Zhi Alan Cheng został aresztowany 27 grudnia 2022 roku. Jego była partnerka, która miała zostać przez mężczyznę odurzona i wykorzystana seksualnie, znalazła nagranie z zajścia. Trafiła również na materiały przedstawiające inne ofiary. Zgłosiła to władzom. Po aresztowaniu Chenga funkcjonariusze przeszukali jego mieszkanie w dzielnicy Queens. Znaleźli narkotyki (w tym fentanyl, LSD i kokaina) oraz środki anestezjologiczne, które miały być wykorzystywane w odurzaniu ofiar. "W mieszkaniu znajdowały się również nagrania przedstawiające przestępstwa dokonane na innych nieprzytomnych kobietach" - czytamy w oświadczeniu Melindy Katz, prokuratorki okręgowej Queens. Trzy filmy zostały nakręcone w Szpitalu Prezbiteriańskim w Nowym Jorku (New York-Presbyterian), gdzie pracował Cheng.
Według informacji opublikowanych przez prokuratorkę okręgową Melindę Katz trzema ofiarami Chenga padły pacjentki szpitala w wieku od 19 do 47 lat. Najmłodsza z kobiet miała paść ofiarą przestępstwa w czerwcu 2021 roku. W rozmowie przeprowadzonej z NBC New York kobieta wyznała, że oskarżony podał jej w pokoju badań substancję, po której straciła przytomność. Gdy się ocknęła, mężczyzny nie było już w pomieszczeniu, a ona sama czuła ból w podbrzuszu.

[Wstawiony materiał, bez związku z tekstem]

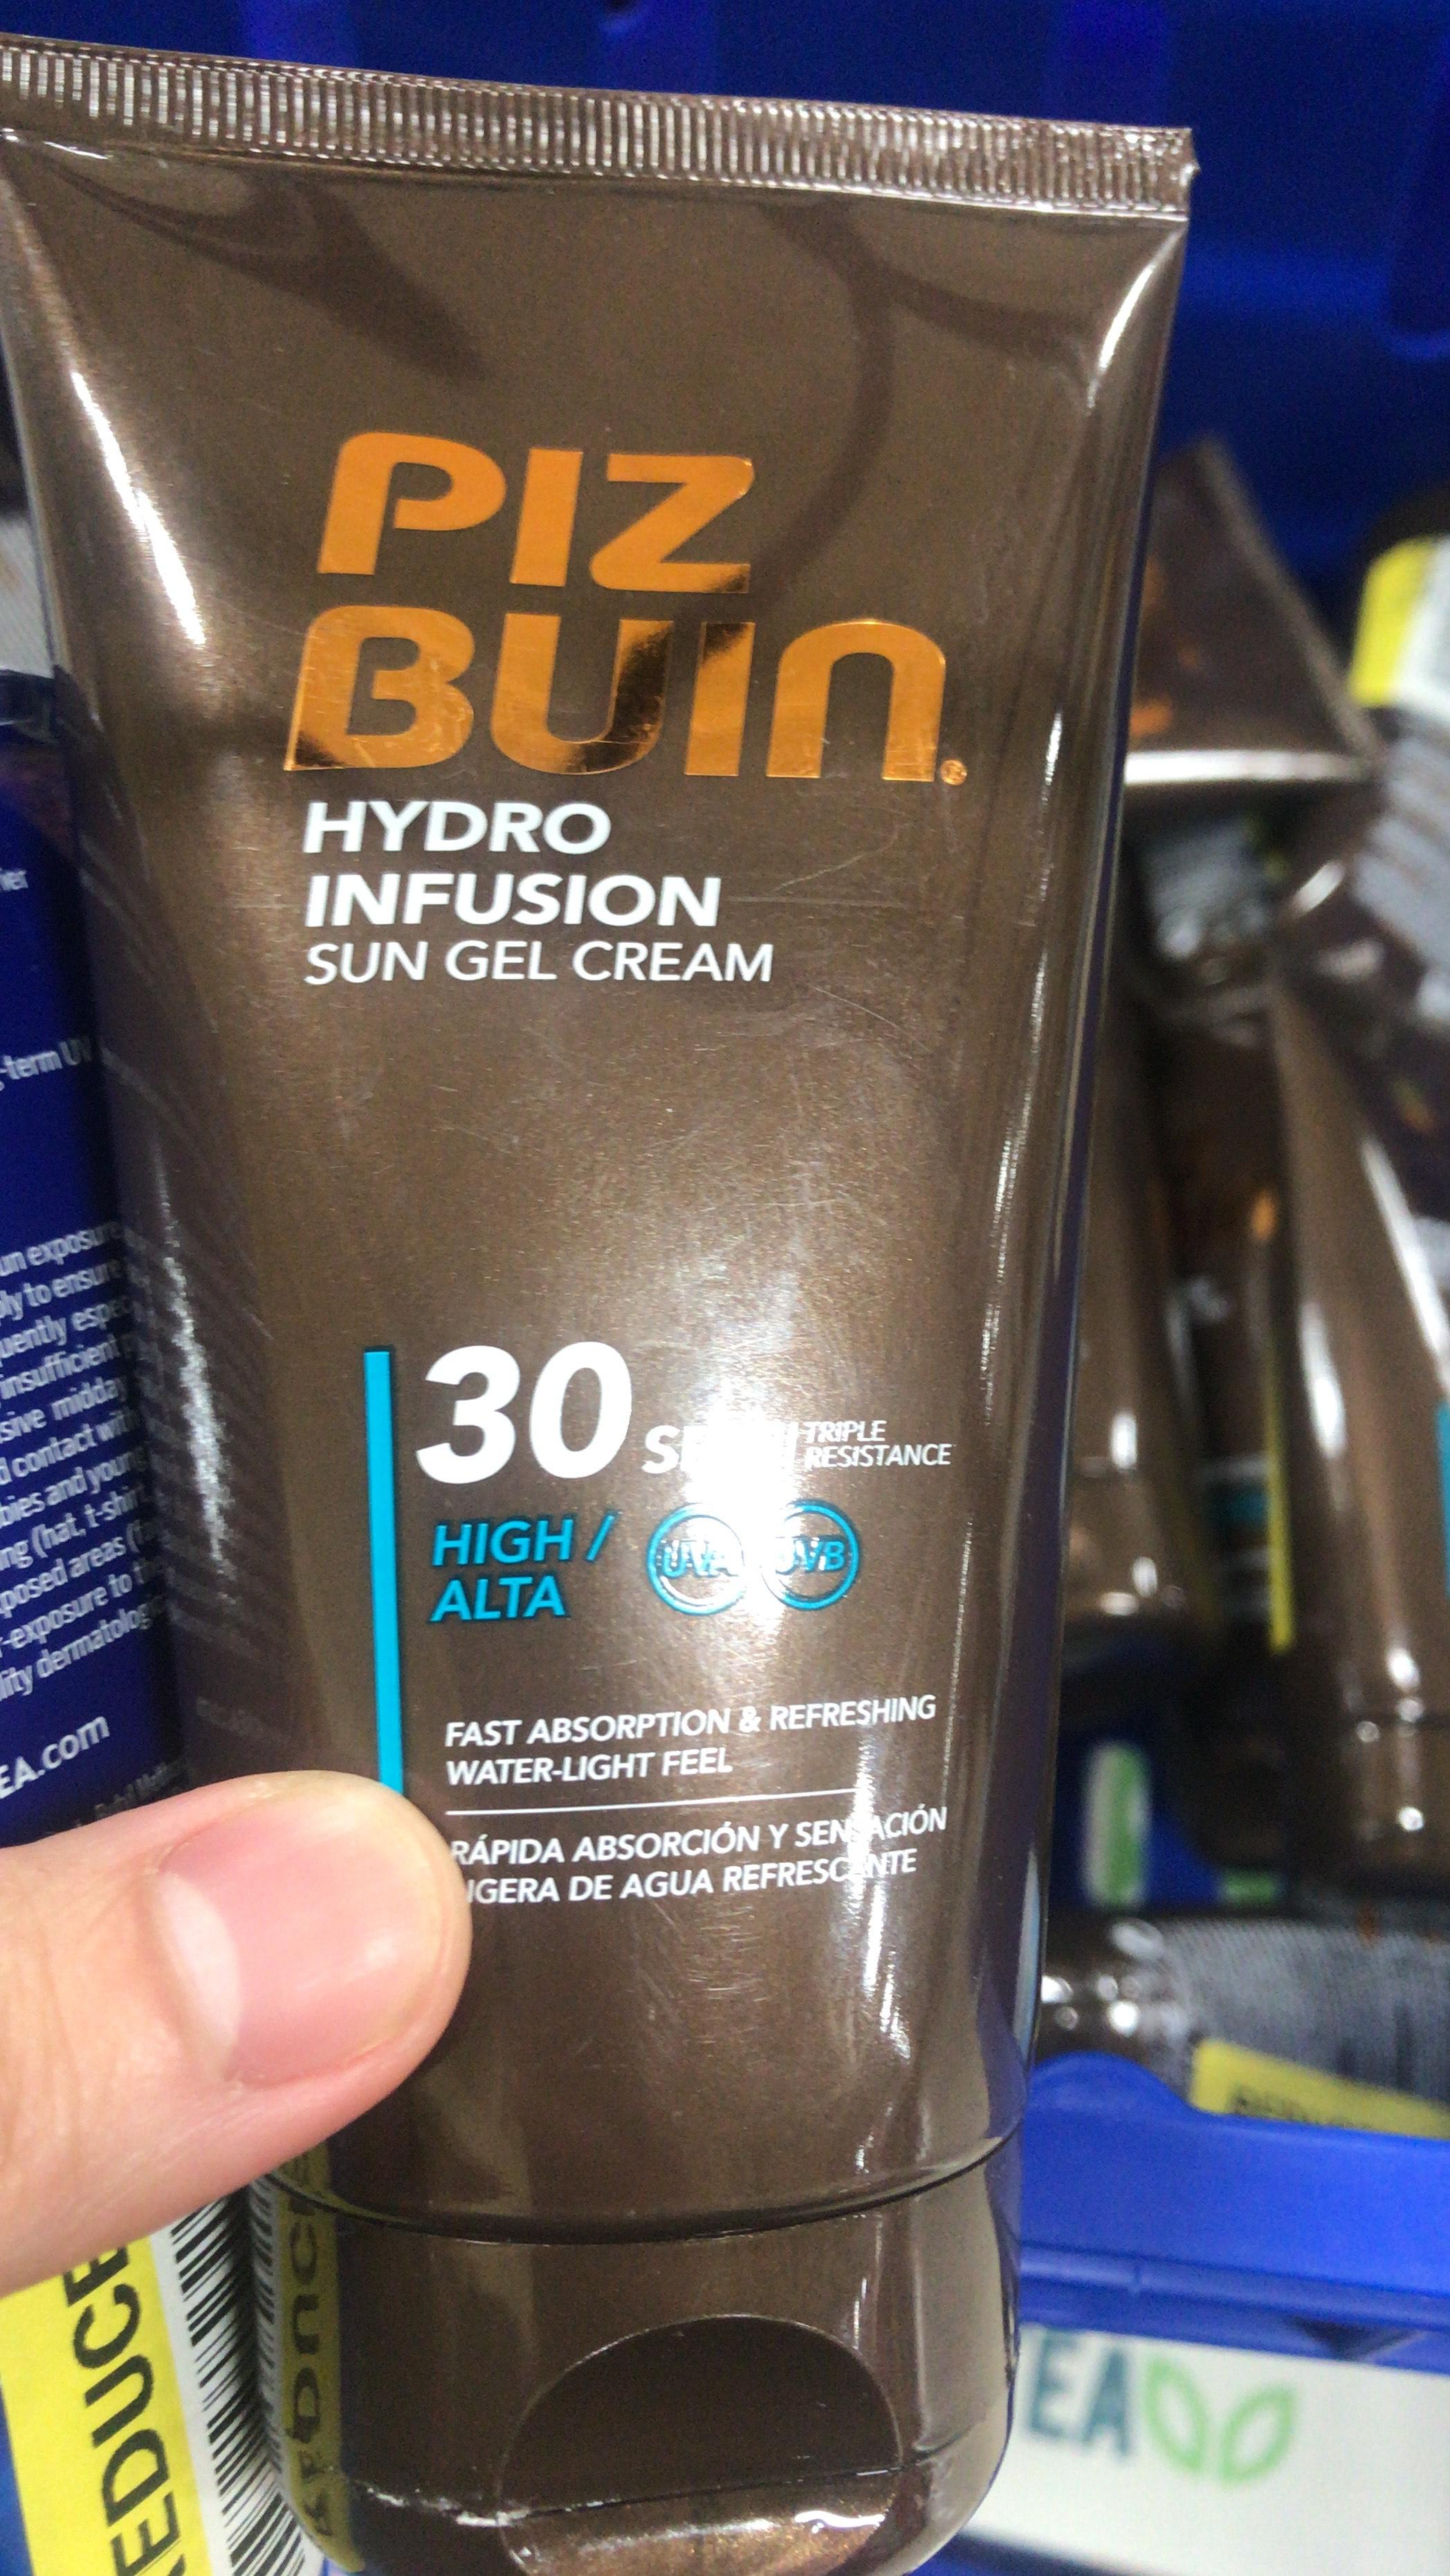 Piz Buin 30 spf sun screen £1.24 @ Tesco in store Coventry

Na lekarza została złożona skarga, a władzom szpitala przy wsparciu kobiety udało się ustalić tożsamość Chenga. Oskarżenie nie doprowadziło jednak do aresztowania ani zwolnienia mężczyzny z pracy. Nicholas Liakas, adwokat reprezentujący 19-letnią kobietę, wierzy, że placówka starała się celowo zatuszować sprawę Chenga. Szpital zareagował dopiero po aresztowaniu Chenga w grudniu 2022 roku.
Adwokat Adam Slater w rozmowie z CNN podkreśla z kolei, że to nie pierwszy przypadek, w którym szpital jest podejrzewany o lekceważenie skarg wpływających na personel medyczny. Kancelarie prawnicze Liakasa i Slatera złożyły proces cywilny przeciwko Szpitalowi Prezbiteriańskiemu w Nowym Jorku.
Śledczym udało się ustalić tożsamość siedmiu z ofiar na znalezionych nagraniach. W materiałach pojawia się jednak znacznie więcej poszkodowanych, które ucierpiały w szpitalu oraz mieszkaniu lekarza. Dochodzenie ujawniło, że ofiarami mogły paść również kobiety w innych miejscach Nowego Jorku, a także w Las Vegas, San Francisco oraz Tajlandii.
Zhi Alan Cheng od grudnia 2022 roku przebywa w ośrodku więziennym na Rikers Island. Stracił prawo wykonywania zawodu, a za popełnione przestępstwa grozi mu kara od 25 lat więzienia do dożywotniego pozbawienia wolności.